Louis IX built his new chapel, the jewel-like Sainte-Chapelle, between 1242 and 1248. During the same period, the most famous landmark of the island was constructed: the cathedral of Notre-Dame de Paris. An earlier cathedral, the Cathedral of Saint-Étienne, had been constructed in the Romanesque style. In 1160, the bishop of Paris, Maurice de Sully, began construction of a cathedral in the new Gothic style, to match the magnificence of the palace. The first stones of the foundation of the new cathedral were laid by Pope Alexander III, in 1163. Its construction spanned two centuries.

During this period, new streets and houses were constructed on the island, which became more and more densely populated.
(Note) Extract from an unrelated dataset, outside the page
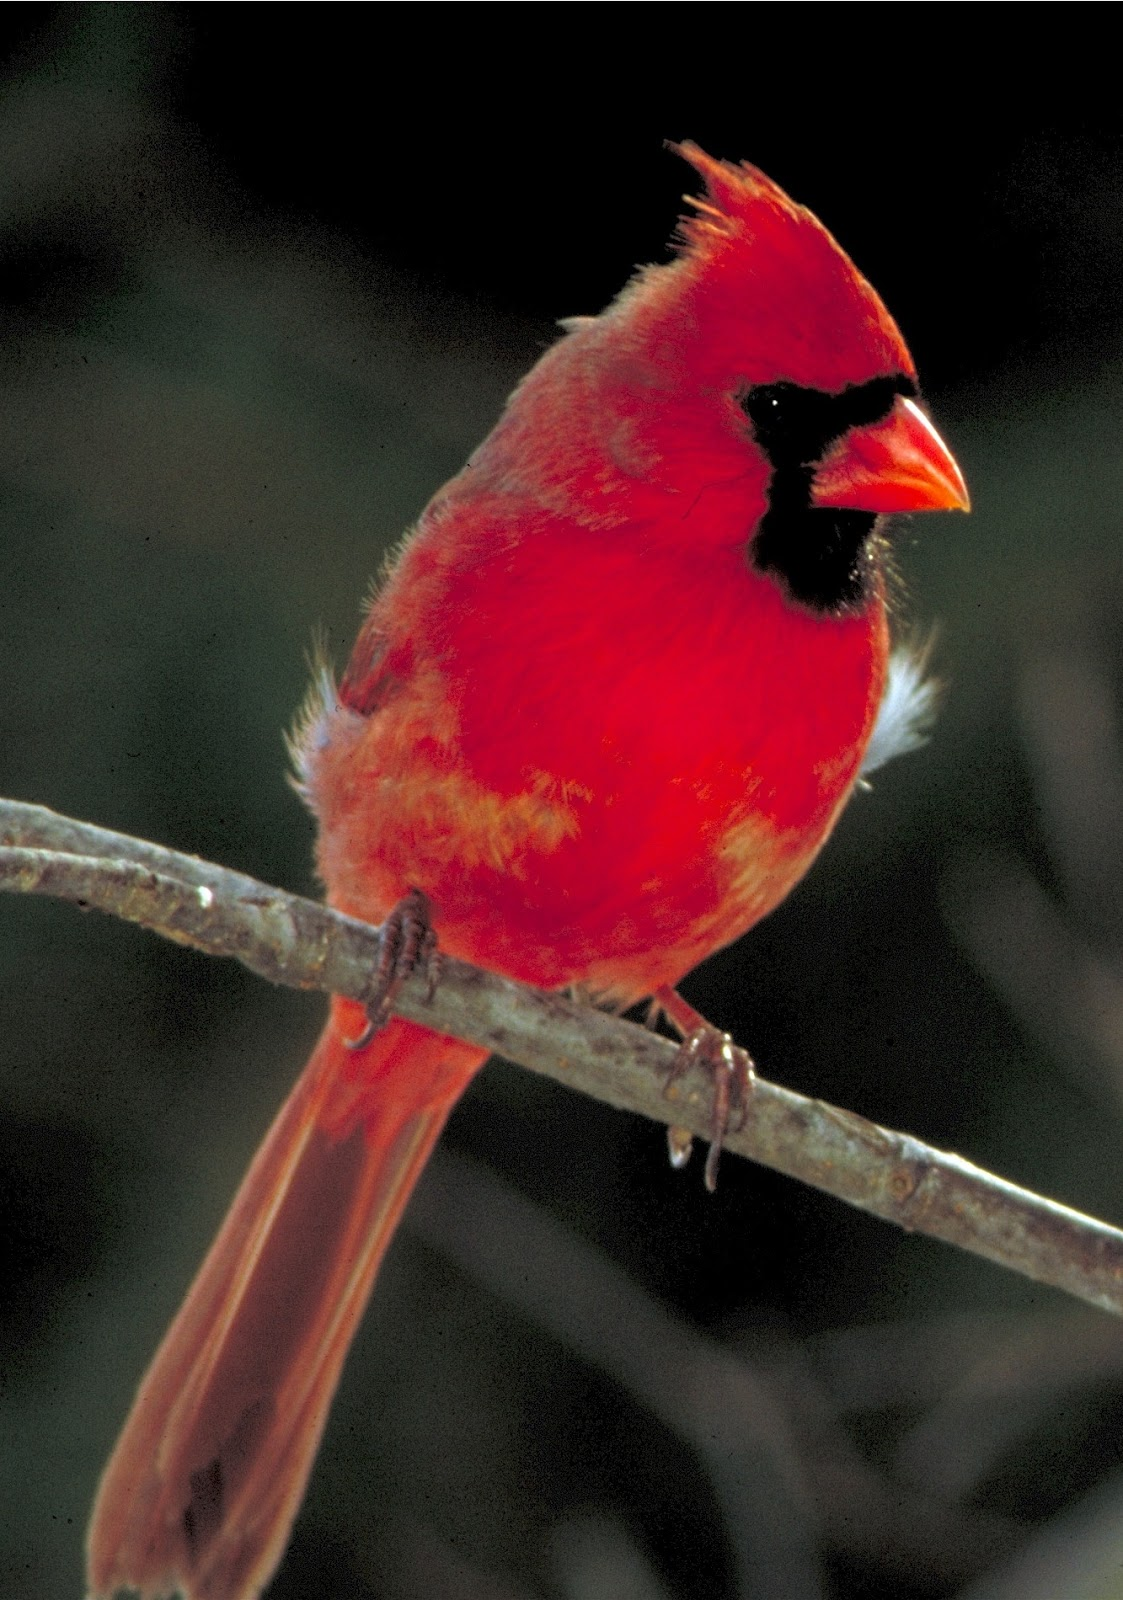 An image of a male cardinal bird.

The crowding of the island, and the resulting problems of narrow streets jammed with traffic, pollution, and foul smells, caused the Kings of France to search for a new residence. A rebellion of the Parisians in 1358, led by Étienne Marcel, the provost of the merchants, at a time when the French King was a hostage of the English, caused the next King, Charles V of France, to move his residence to the edge of the city: first to the Hôtel Saint-Pol, then to the Bastille, and finally to the Louvre Palace.

In the following centuries, after the Kings departed, the island retained its importance as an administrative centre. It was home to the courts and tribunals, as well as the Parlement of Paris: an assembly of nobles who formally registered royal proclamations. It included the Conciergerie, which contained the royal prisons and judicial offices. Other important transformations were made to the island. In 1585, work began on the Pont Neuf at the far west end of the island. In 1607, Henry IV gave up the royal garden on the island, which was transformed into the Place Dauphine, and the Pont Neuf was completed.

When the Pont Neuf was built, two small islands, Île à la Gourdaine and Île aux Juifs, which were just to the west of the island, were joined to it. The Ilot des Juifs had been the site of the burning at the stake of Jacques de Molay, the leader of the Knights Templar, in 1314, as the island was just below the towers of the Royal Palace. The junction of the small islands was completed in 1607, and the land was developed into the Place Dauphine and the Square du Vert-Galant.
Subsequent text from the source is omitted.